Underneath that crunchy fried tofu and sliced pork are wonderful, complimenting flavors of soy sauce, vinegar, onions, and of course, the heat of chili peppers. So when you push that fork to get those yummy pieces of tofu and pork, push a little deeper to pick up and enjoy all of those flavors.
Tokwa’t Baboy literally means “tofu and pork.” It is dish traditionally eaten as a side dish with the Filipino’s version of congee, which is lugaw and arroz caldo. In some occasions, it is also eaten as “pulutan” or finger food with alcohol beverages like beer and hard liquor.
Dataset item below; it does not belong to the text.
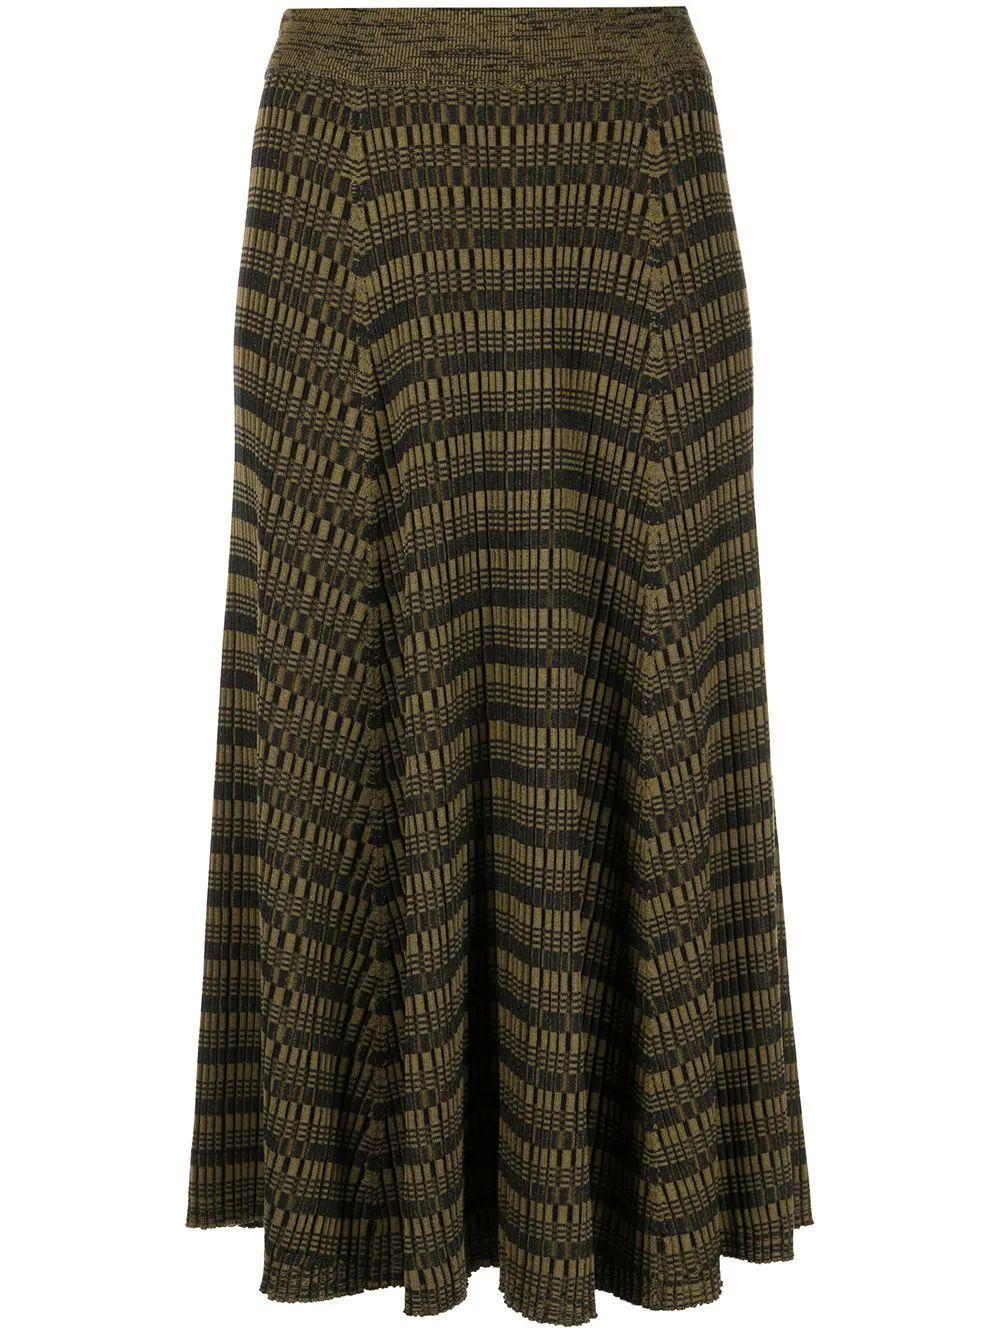 Geometric Knit Skirt Item # WL2127609
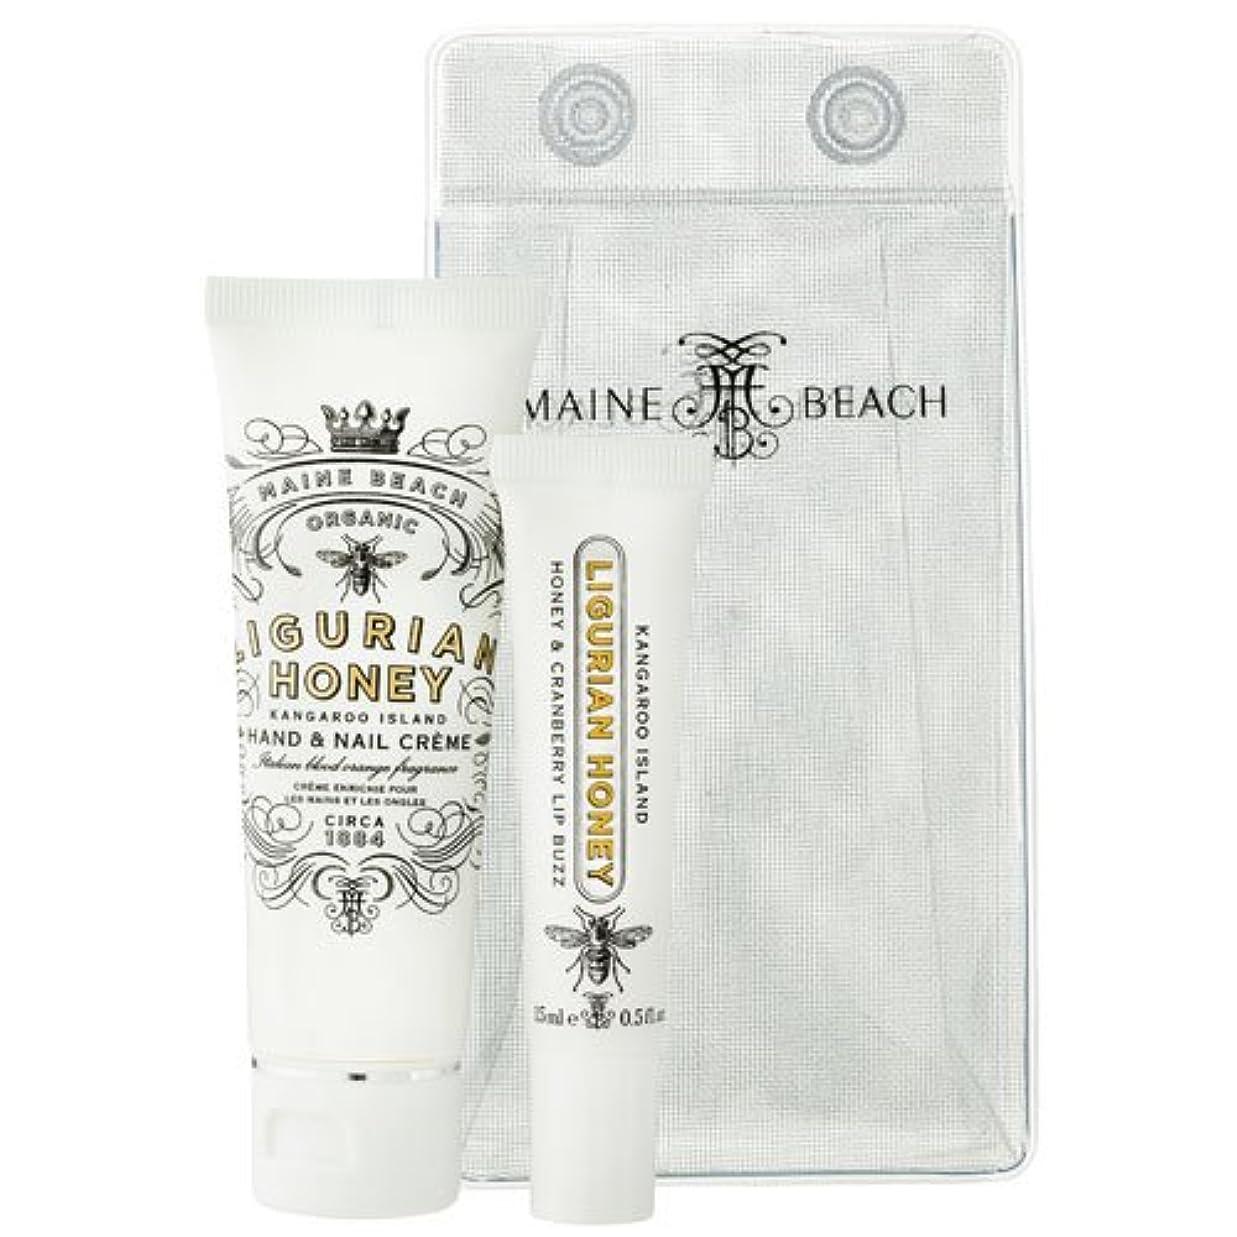 甘くする考えたアシュリータファーマンMAINE BEACH マインビーチ リグリアンハニーシリーズ  Essentials DUO Pack エッセンシャル デュオ パック

1 tub firm tofu - fully drained ½ lb pork belly 1 cup vegetable oil 2 cups water 1 Tablespoon salt 2 bay leaves 1 cup cane vinegar 3 Tablespoon soy sauce 1 Tablespoon sugar 1 Tablespoon finely chopped garlic 1 teaspoon finely chopped ginger 1 teaspoon Worcestershire sauce 1 teaspoon sesame oil 1 teaspoon ground black pepper ½ teaspoon salt 1 small red onion - diced ¼ cup chopped green onions 3 Thai chili pepper - cut thinly
Cut tofu into ½ inch cubes and place in a colander to drain. In a medium bowl, combine all the vinegar mixture and then set aside. Place small sauce pan over medium heat. Add water, salt, bay leaves, and pork belly. Let it simmer until pork skin is soft enough to be pricked with fork (about 30 minutes) Remove from pan and set aside to cool and drain. Slice boiled pork belly thinly and about 1 inch wide. Place wok over high heat and then add 1 tablespoon oil. When the oil is hot, add sliced pork and stir fry until light browned. Transfer in the vinegar mixture and toss. Let it soak for about 15 minutes. Return wok over high heat and then add 1 cup vegetable oil. When the oil is hot, deep fry tofu until they are golden brown and crispy. You may have to do it in two or three batches. Place cooked tofu in a colander to drain. Toss in hot tofu in the vinegar mixture with the fried pork. Serve immediately.
Chicken Arroz Caldo
1 whole chicken – cut into serving pieces 1 medium onion – chopped 1 cup uncooked rice 2½ Tablespoon finely minced ginger 2 Tablespoon finely minced garlic 2 Tablespoon vegetable oil Salt or Patis(Fish Sauce) to taste Gound black pepper to taste 6 cups water (add more if it rice becomes too thick) 1 cup chopped green onions or scallion for flavoring and garnishing (chop but separate the white parts) Sesame oil to taste. Slices of lemon or calamansi. 1 teaspoon kasubha or safflower for coloring.
Place wok or large casserole over medium-high heat then add oil. When the oil is hot,add onions, garlic, and ginger. Stir fry until onion is translucent. Add chicken then stir fry until chicken is seared to light brown. Add water and let it boil. Remove all the foam that will float on top of the water. Add rice and let it boil. Stir occasionally to avoid rice from sticking to the bottom. Add the safflower. Add the whites parts of the green onion. Add salt or fish sauce as needed. Add ground pepper. Serve hot topped with chopped green onion. Toasted garlic, lemon or calamansi, additional chopped green onions, and sesame oil may be served on the side.